→ Exercise aim: Only the lines below starting at the one containing "Watch CBS Mornings" and ending at the one containing "CHANEL 3384 c.1090" belong in the answer, each copied exactly.

→ Task material:
►

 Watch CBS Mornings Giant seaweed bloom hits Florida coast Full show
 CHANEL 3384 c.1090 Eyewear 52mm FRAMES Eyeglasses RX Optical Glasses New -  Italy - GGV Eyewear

◄
►

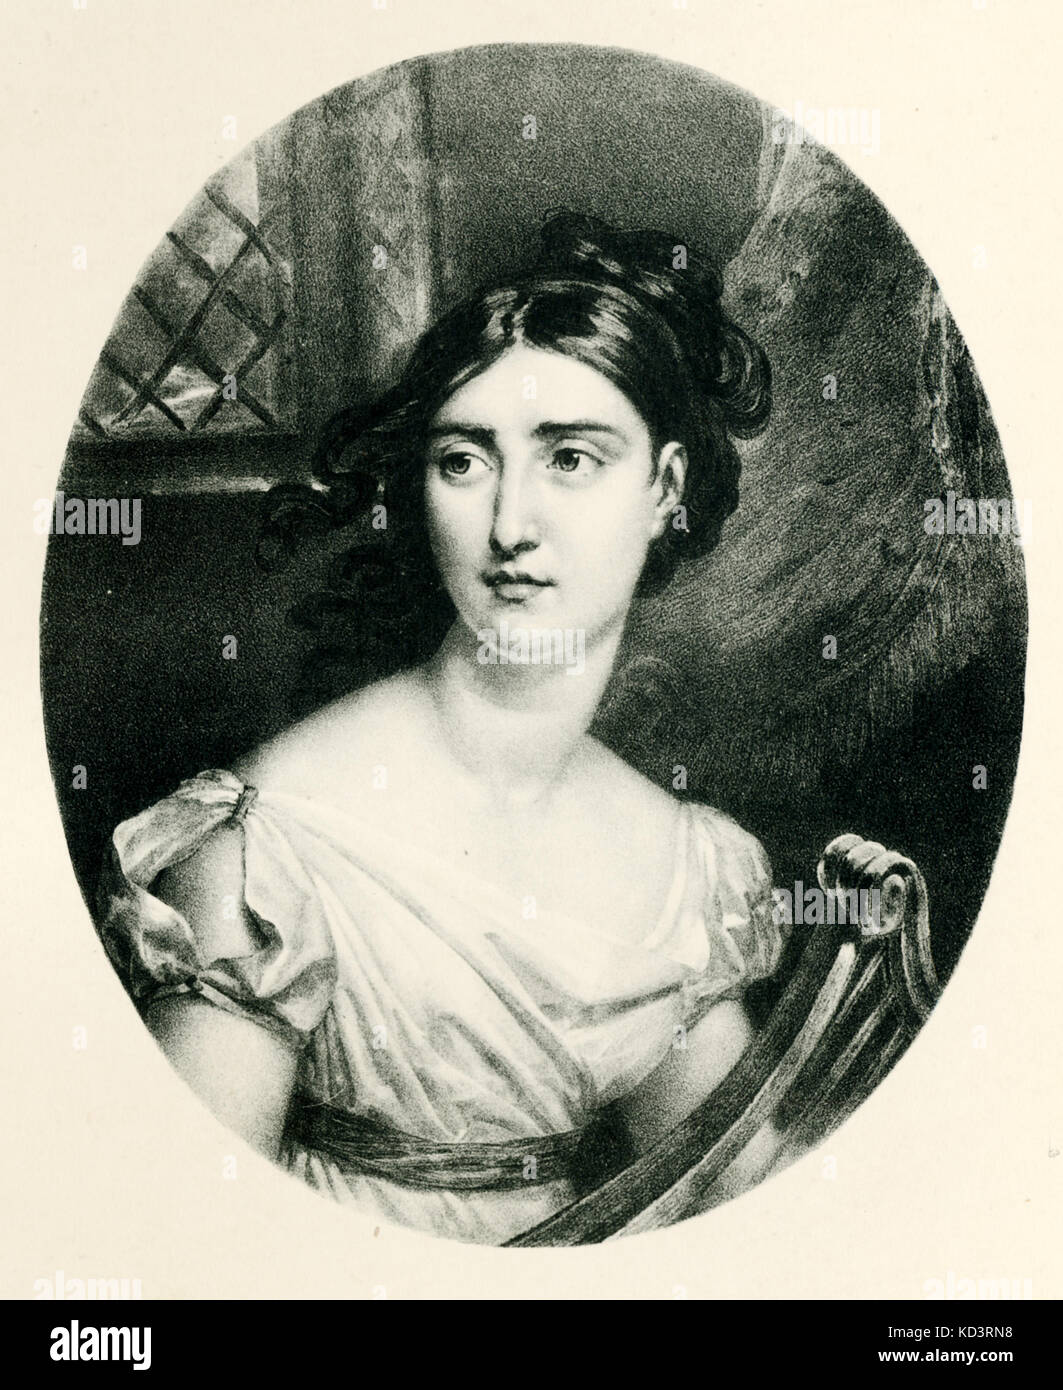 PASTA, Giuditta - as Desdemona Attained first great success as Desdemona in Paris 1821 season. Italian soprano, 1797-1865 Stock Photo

◄
►

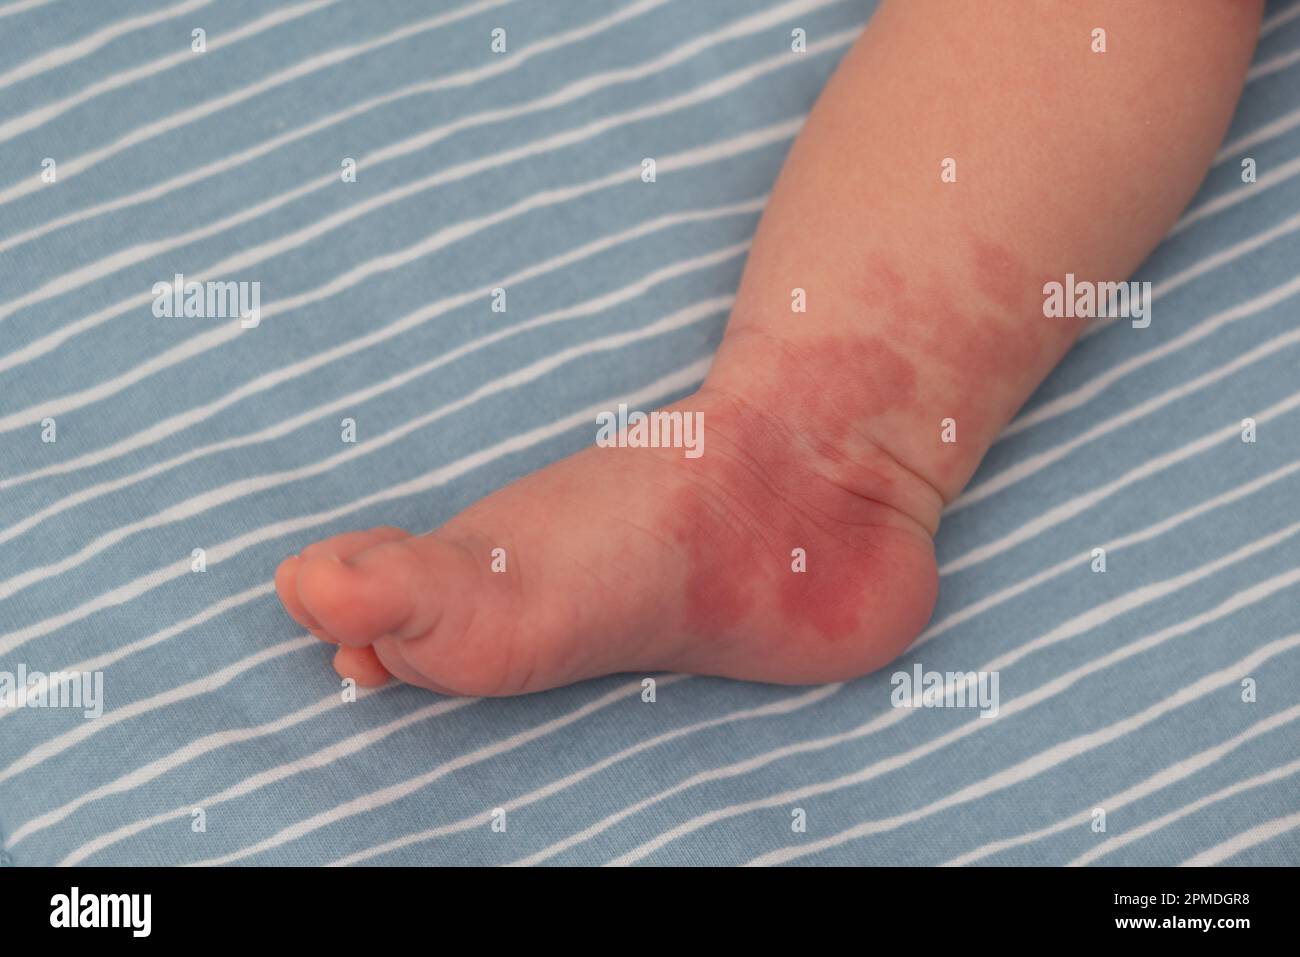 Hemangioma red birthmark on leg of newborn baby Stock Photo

◄

→ Answer area:
 Watch CBS Mornings Giant seaweed bloom hits Florida coast Full show
 CHANEL 3384 c.1090 Eyewear 52mm FRAMES Eyeglasses RX Optical Glasses New -  Italy - GGV Eyewear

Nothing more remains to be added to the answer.